Tags: cell biology, sub-organelle actin dynamics

Posted on: 24 May 2019

doi: https://doi.org/10.1242/prelights.10933

Read preprint (2 votes)

Author's response

Uri Manor, Cara Schiavon, Tong Zhang shared

1. What is the biological significance of the ER-associated actin bundles you found on the nucleus?

UM: Others such as the Wirtz lab have shown a role for a perinuclear actin “cap” in health and disease. It is thought that this cap helps shape the nucleus, for example during cell migration wherein the cell must squeeze through small channels. This has obvious implications for both cancer and developmental biology research. It may also be relevant for progeria, cardiomyopathy, or muscular dystrophy – basically any/all diseases associated with altered nuclear morphology. To clarify: We believe the AC-ER probe is labelling this perinuclear cap with such clarity by virtue of the fact that the ER is contiguous with the nuclear membrane, allowing for sufficient proximity such that the perinuclear actin cap can be detected.

 

2. Your work and others’ has demonstrated that fixation can introduce important artefacts. What are cell biology processes described prior to this current knowledge, which you imagine might be worth re-evaluating using current tools for live microscopy?

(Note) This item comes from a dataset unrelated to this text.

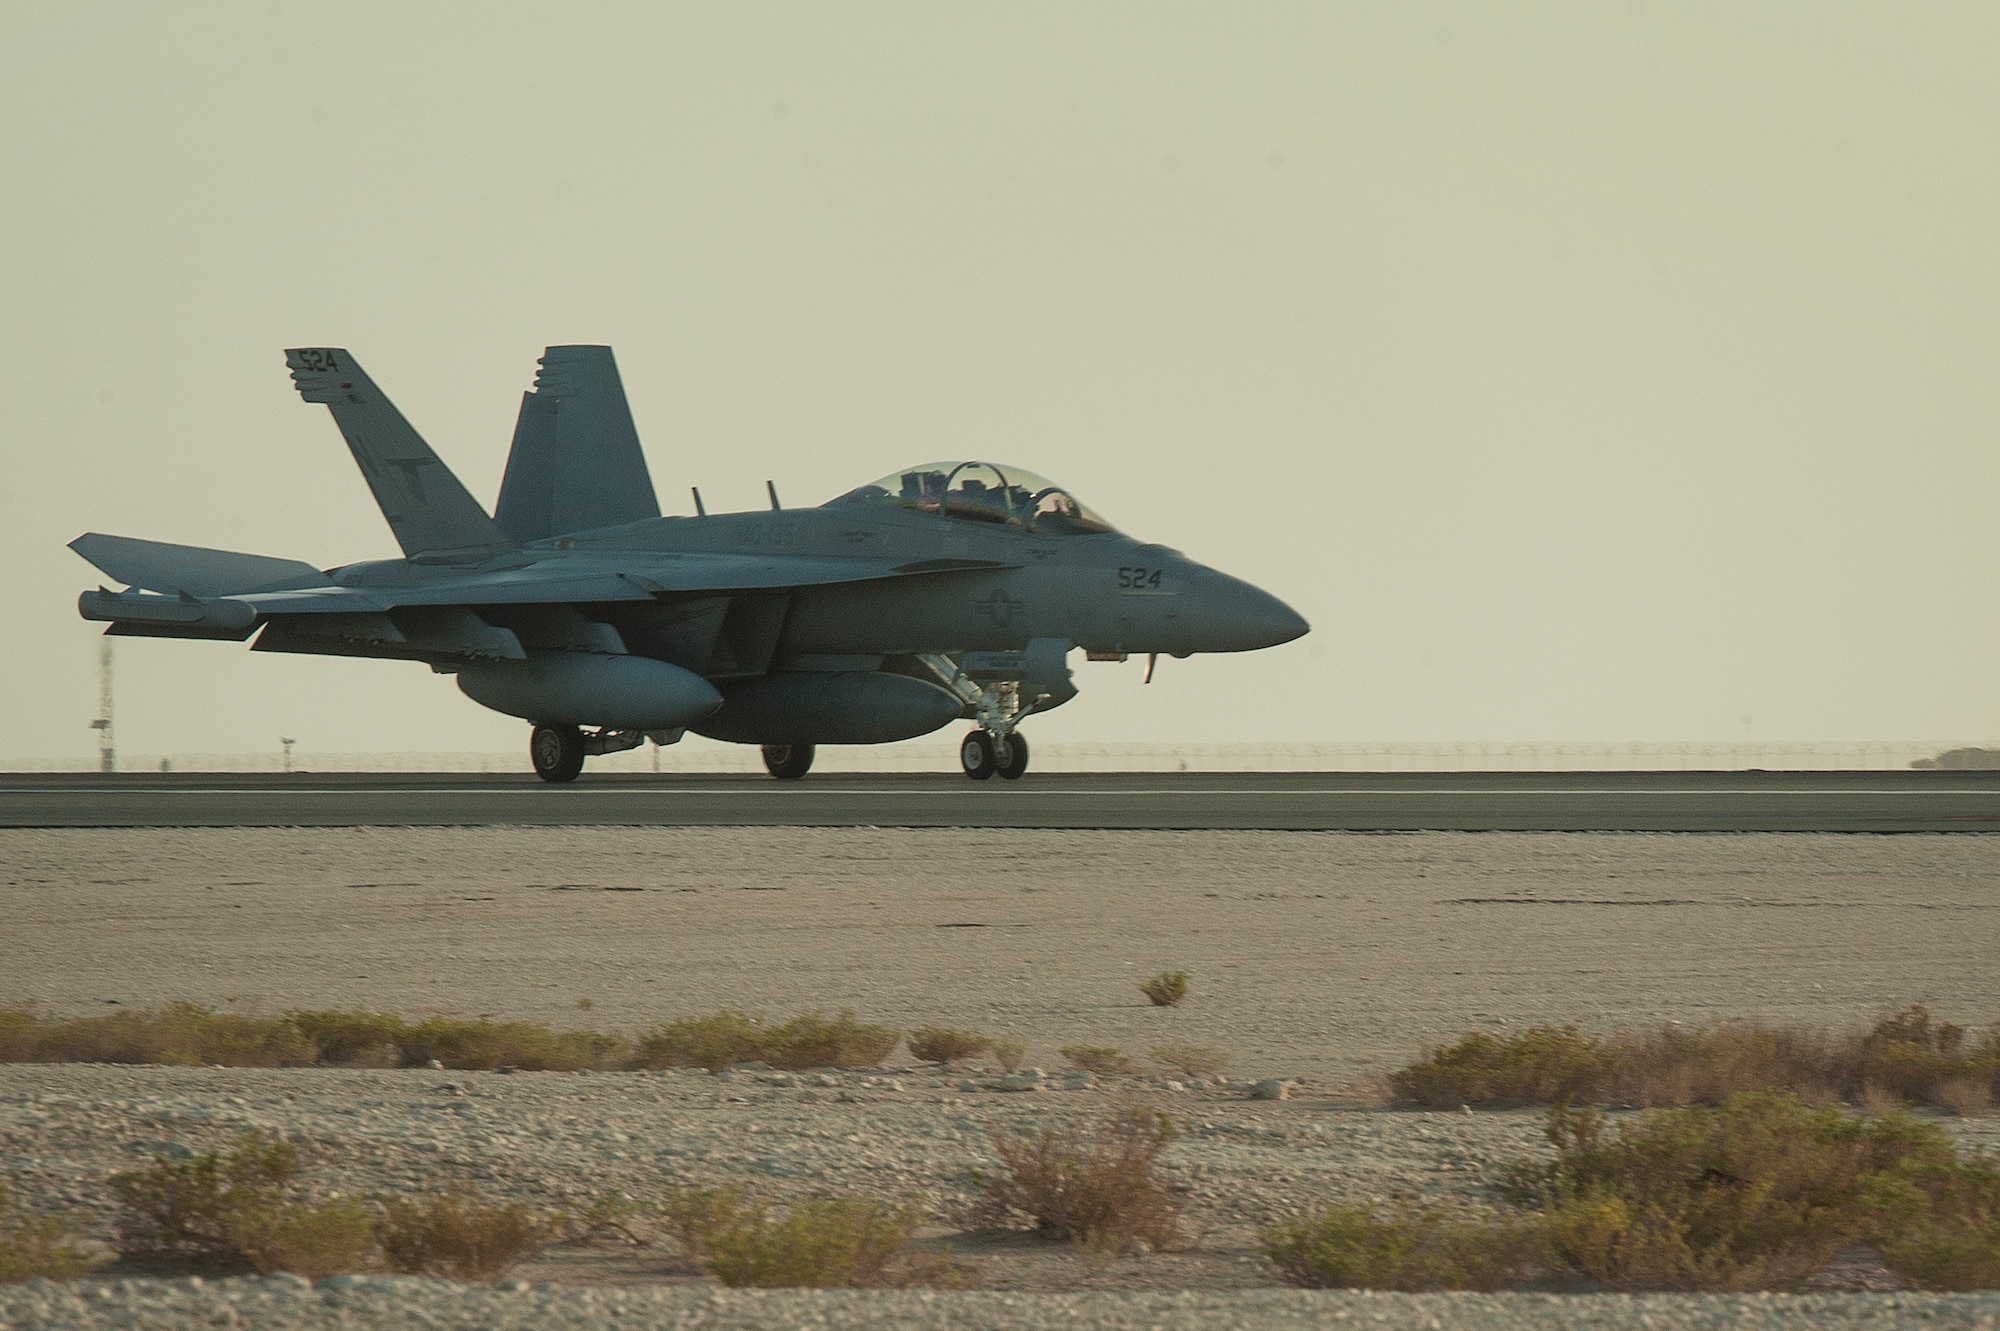 An EA-18G Growler assigned to the Electronic Attack Squadron 135 (VAQ-135) “Black Ravens” arrives at Al Udeid Air Base, Qatar, Oct. 30, 2018. The electronic warfare aircraft has electronic attack, jamming, and satellite communication capabilities as well as communication countermeasures. VAQ-135 will replace VMAQ-2, which operated EA-6B Prowlers. VAQ-135 is deployed to the U.S. 5th Fleet area of operations in support of naval operations to ensure maritime stability and security in the Central Region, connecting the Mediterranean and the Pacific through the western Indian Ocean and three strategic choke points. (U.S. Air Force photo by Tech. Sgt. Christopher Hubenthal)

UM: We believe that the ultrastructure of all cell biological processes are likely to be affected by chemical fixation to varying degrees. The easy answer is that we need to evaluate everything with either live cell imaging or with cryofixation (see for example Elizabeth Villa or Ben Engel’s work with cellular cryotomography for the insanely high potential of this approach, which we are also adopting in our lab). Obviously, that is not always possible.

To try to be more specific, we think anything associated with smaller, dynamic membranes is likely to be affected by chemical fixation, even without detergents. The fact is that paraformaldehyde pokes holes in membranes, but we largely ignore this because we still need to use detergents to poke holes large enough for proteins to get in/out of the cell during immunofluorescence. Given the well-established role for actin in remodelling membranes, all of these actin-membrane associated processes are ripe for re-evaluation with advanced live imaging probes.

 

3. You explore the actin nanobody technology greatly in the context of your paper, and address questions that had arisen in years prior, in your own work and others. There are other nanobodies, and more visible implementation as research tools for microscopy. Do you envisage using other nanobodies in parallel to actin, to further explore the biological significance of membrane-contact sites and organelle fission?

UM: We are extremely excited about nanobody technology capabilities in this context as well as others – see for example the Lichtman lab’s recent Nature Methods paper showing that nanobodies can be used to label tissues without (detergent-mediated) permeabilization, facilitating correlative imaging approaches that would otherwise be impossible.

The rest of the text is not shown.